Etiket: Bölgede

  • Omurga yaraları

    Spinal travmalar yüksek mortalite ve morbidite oranları ile seyreden ve sonuçları ile bireyi ve toplumu etkileyen travmatik lezyonların
    başında gelmektedir.

    Kısa sürede ve doğru müdahalenin prognozu etkiliyor olması, hastanın tetkik ve tedavisinin yeterli olarak yapılabileceği merkezlere ihtiyaç duyulmuş ve bu amaçla bazı ülkelerde spinal travma merkezleri kurulmuştur.

    Bu merkezlerde spinal travmalı hastalara ilk müdahalenin daha hızlı ve standardize yapılabilmesi önemlidir. Tarihçesi çok eskilere dayanan bu yaralanmalar endüstri çağına paralel olarak artan trafik ve iş kazaları, yüksekten düşme, endüstriyel yaralanmalar, ateşli silah yaralanmaları, spor yaralanmaları nedeniyle sıkça görülmektedir. ABD’de bir milyonda 30 kişi spinal travma riski altında olduğu kabul edilmektedir.

    Spinal travmalar gençlerde daha yüksek oranda görülür.Ortalama yaş 33.5 olarak literatürde belirtilmiştir. Erkek bayan oranı 4 de 1’dir.En
    önemli sebep trafik kazalarıdır.

    ABD’de yılda 1000.000’de 30 oranında kişinin spinal travma riski taşıdığı kabul edilmektedir. görülmektedir .Günümüzde artan trafik kazaları yanında ,iş kazaları ve yüksekten düşme sonucu vertebra kırıklarında artış sözkonusudur. Literatürde vertebra zedelenmeleri 15-34 yaş arası erkeklerde sık rastlandığı bildirilmektedir.

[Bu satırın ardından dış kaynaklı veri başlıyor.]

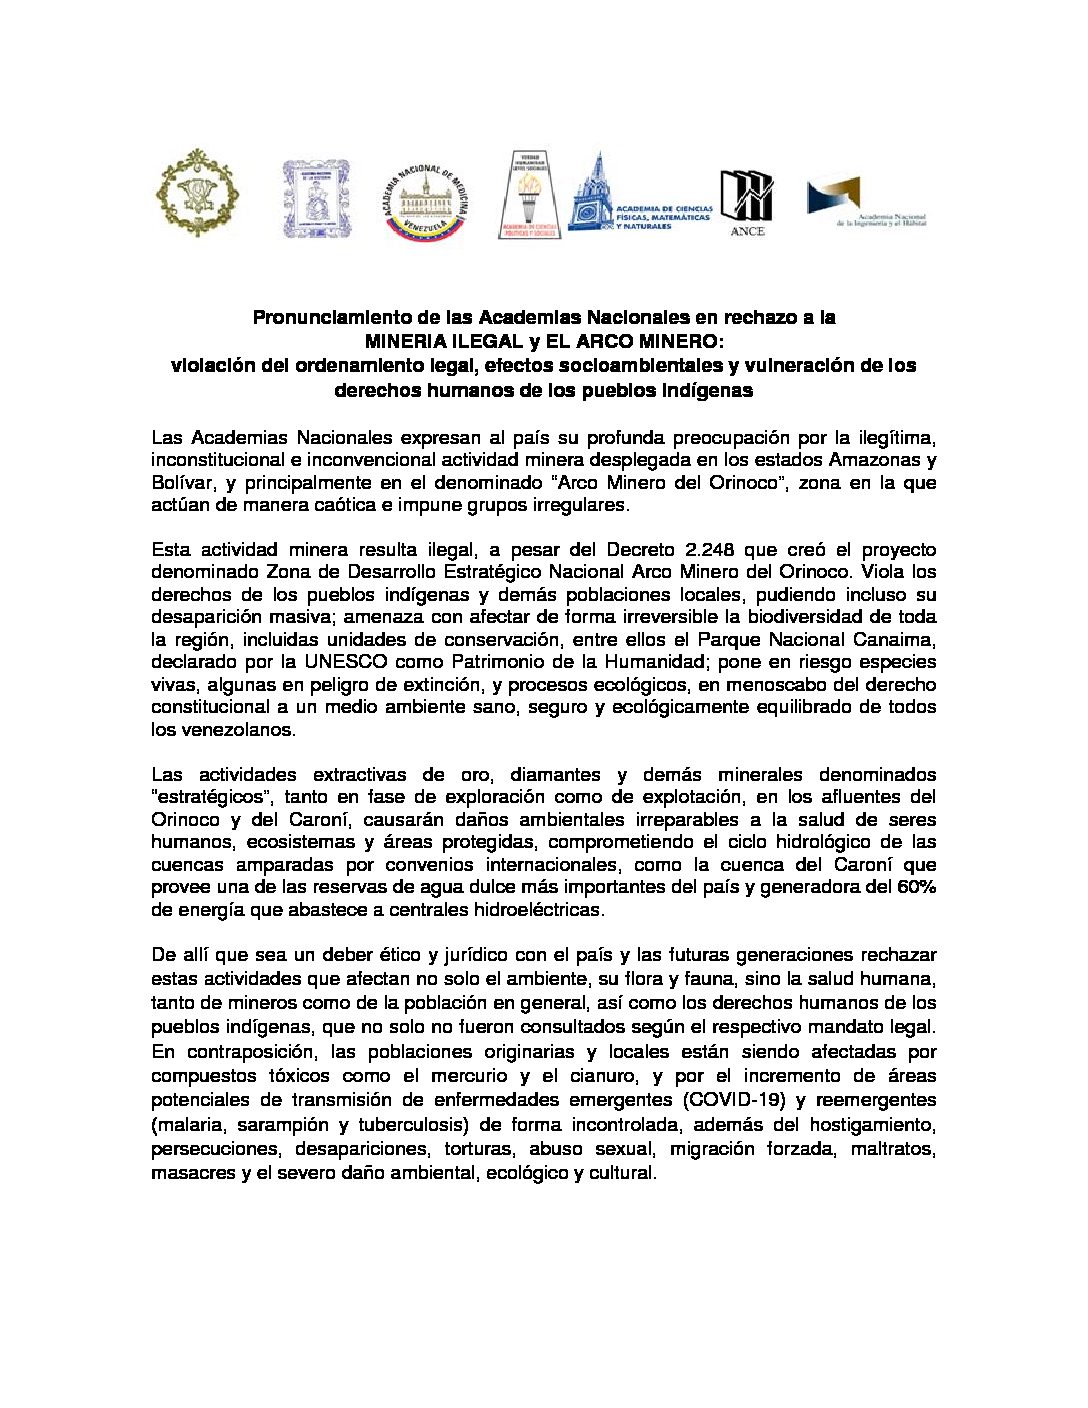 Pronunciamiento de las Academias Nacionales en rechazo a la MINERÍA ILEGAL y EL ARCO MINERO
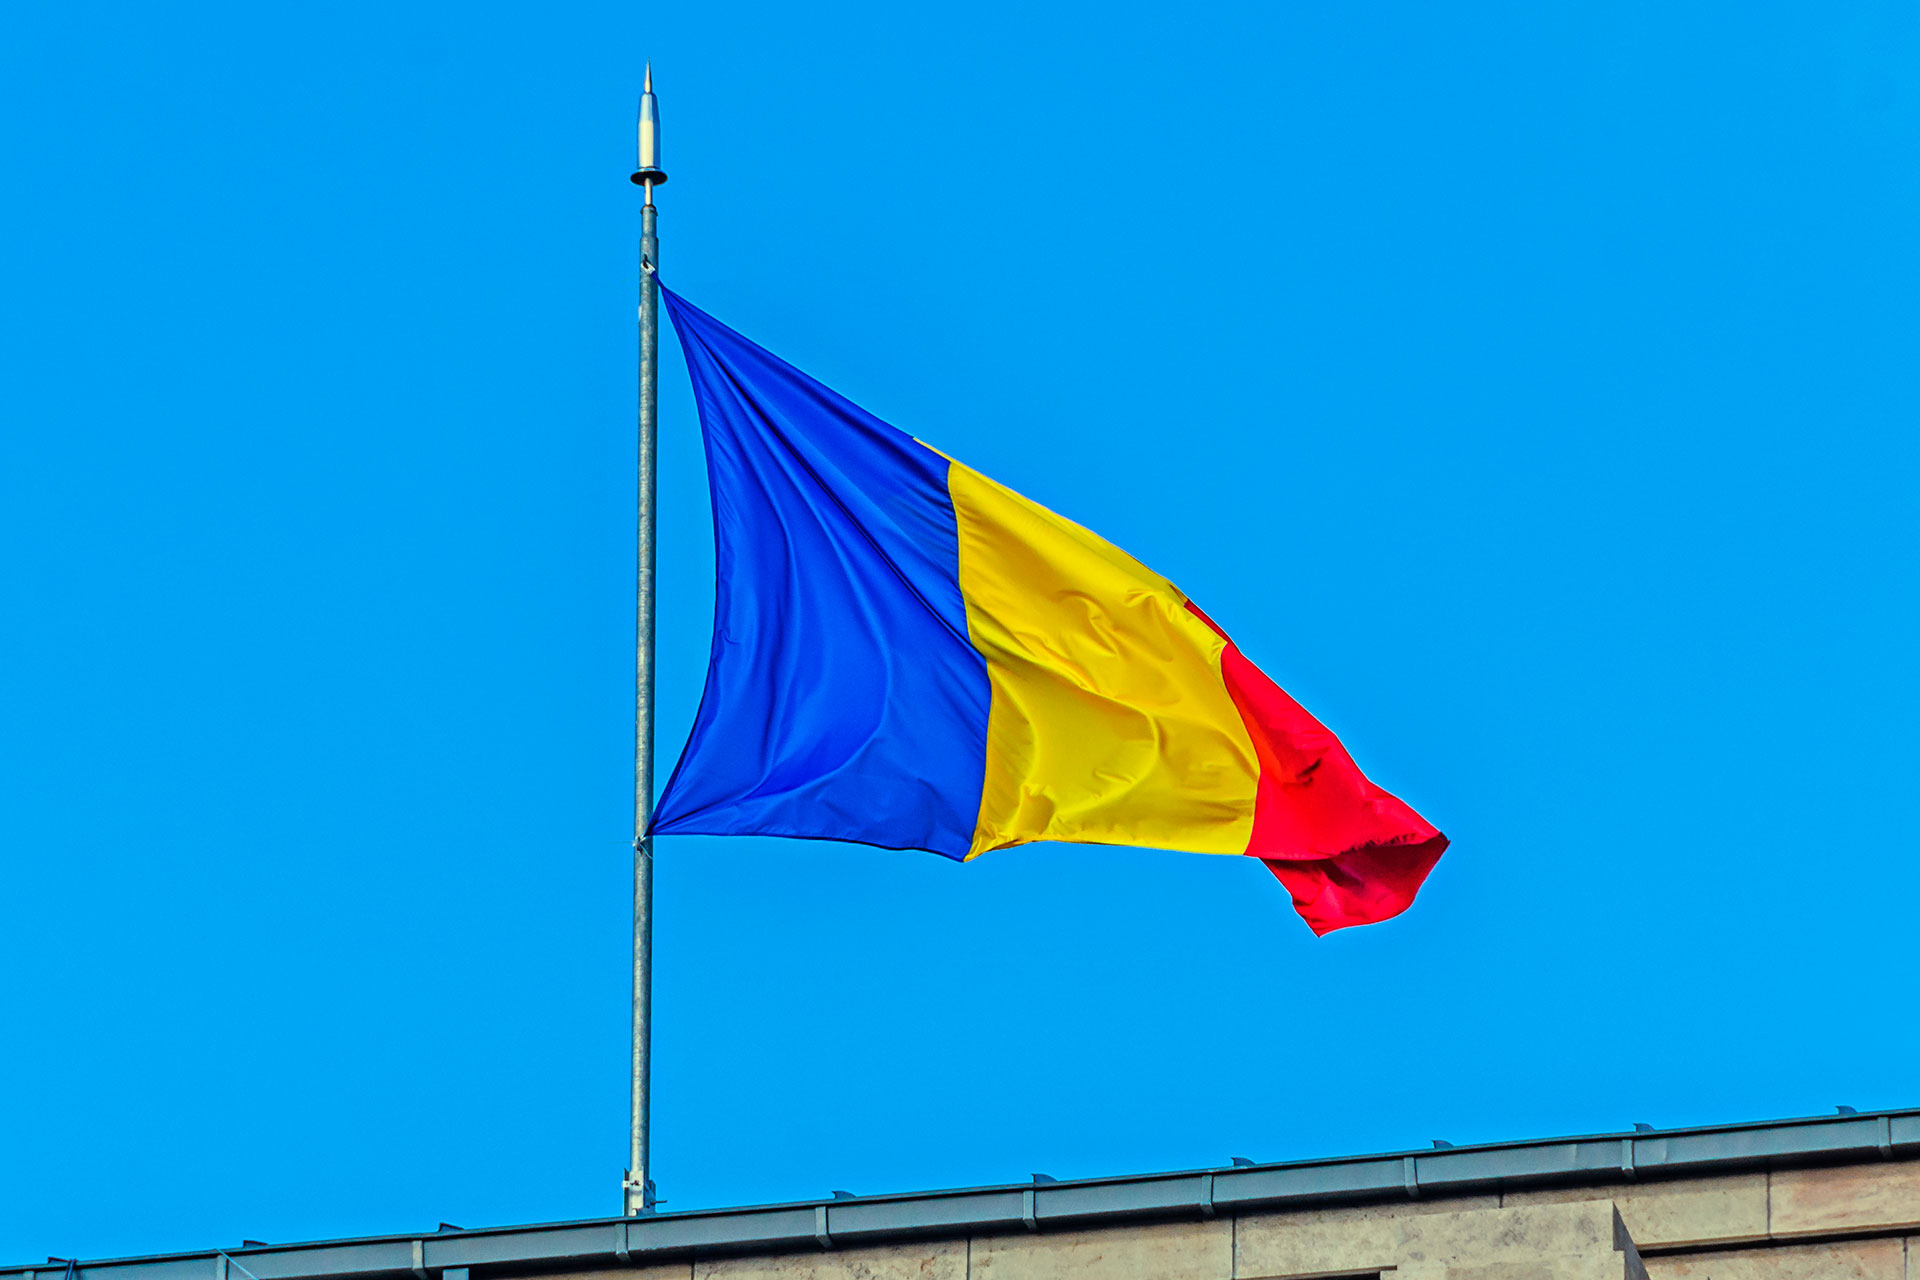 Как получить гражданство Румынии

    Çalışmamızda da en sık 13 (%30.2) hasta ile 15-30 yaş arası olgularda vertebra zedelenmesi gözlendi. Spinal travmaların en sık nedeni trafik kazalarıdır. Hagen ve ark’nın yaptıkları bir çalışmada, düşmeler %45, motorlu taşıt kazası %35 olarak bildirilmiştir.

    Burney ve ark’nın yaprığı çalışmada taşıt kazası %40,düşmeler %20,ateşli silah yaralanmaları %13.6 olarak bildirilmiştir. Meyer ve ark spinal travma nedenlerini trafik kazaları %42, düşmeler % 22.8 olarak bildirmişlerdir. Çalışmamızda ise yaralanma mekanizmaları incelendiğinde yüksekten düşmeler %60.4, trafik kazaları % 34.8 ve suya dalma % 4.6 oranda bulunmuştur.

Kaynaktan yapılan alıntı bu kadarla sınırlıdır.